Once we have all the pieces, to determine the actual sequence, a second technique needs to be used. Though invented in 1950, Edman degradation appears not to have been a particularly widespread protocol, or at least it wasn’t in the National Biomedical Research Foundation from which the above paper emerged. This means of degradation tags the N-terminal amino acid and cleaves it from the rest of the protein. This can then be identified and the protocol repeated. Whilst this would otherwise be ideal, it suffers from a few issues in that it takes about an hour per cycle, only works reliably on sequences of about 30 amino acids and doesn’t work at all for proteins which have their n-terminus bonded or buried.

Instead, the refined protein is cleaved into a number of fragments at known points using a single enzyme. For example, Trypsin will cleave on the carboxyl side of arginine and lysine residues. A second copy of the protein is then cleaved using a different enzyme at a different point. These individual fragments are then sorted as above and their individual (non-sequential) components determined.

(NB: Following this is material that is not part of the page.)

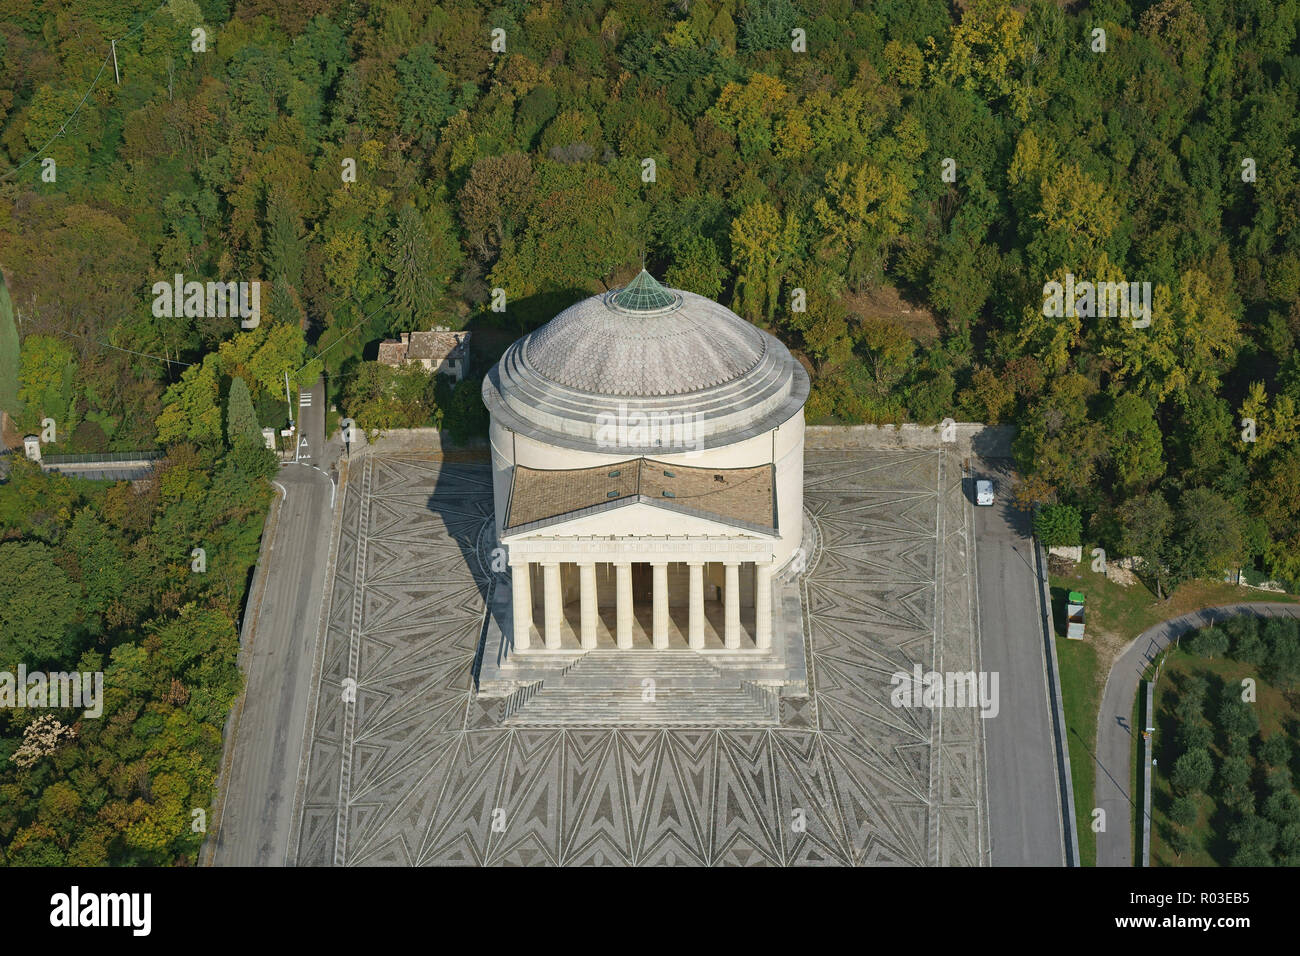 AERIAL VIEW. Temple of Canoviano with a background of trees with autumnal colors. Possagno, Province of Treviso, Veneto, Italy. Stock Photo
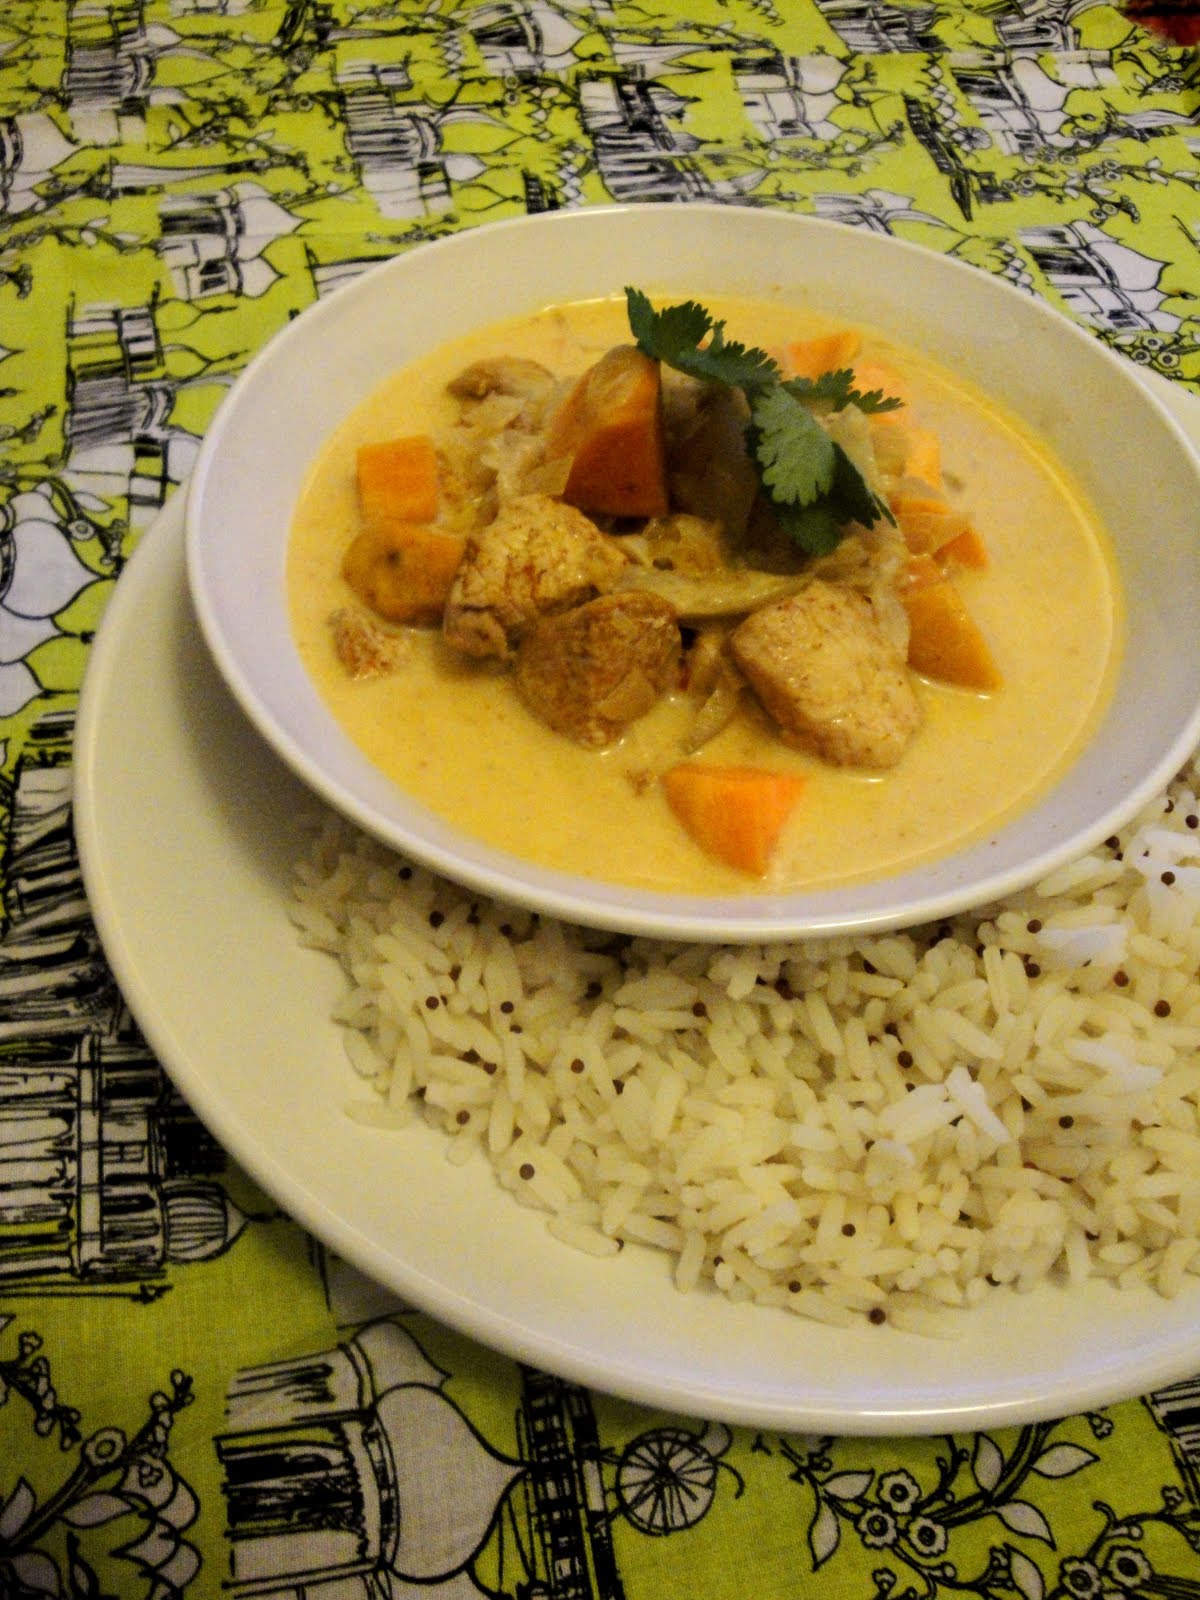 Culinary Conquests: Vietnamese Chicken and Sweet Potato Curry

For example, if we have a protein which has an initial sequence ABCDE
Which then gets cleaved by two different enzymes to give:
Enzyme 1 : (A, B, C) and (D, E)
Enzyme 2 : (A, B) and (C, D)

We can see that the (C, D) fragment produced by Enzyme 2 overlaps with the (A, B, C) and (D, E) fragments produced by Enzyme 1. However, as we don’t know the order in which the amino acid appear within in each fragment, thus there are a number of different sequences which can come to light:

Possibility 1 : A B C D E
Possibility 2 : B A C D E
Possibility 3 : E D C A B
Possibility 4 : E D C B A

At this point the paper comments that such a result highlights to the biochemist that the molecule requires further work for refinement. Sadly the above example whilst relatively simple doesn’t include the whole host of other issues which plague the biochemist in their search for an exact sequence.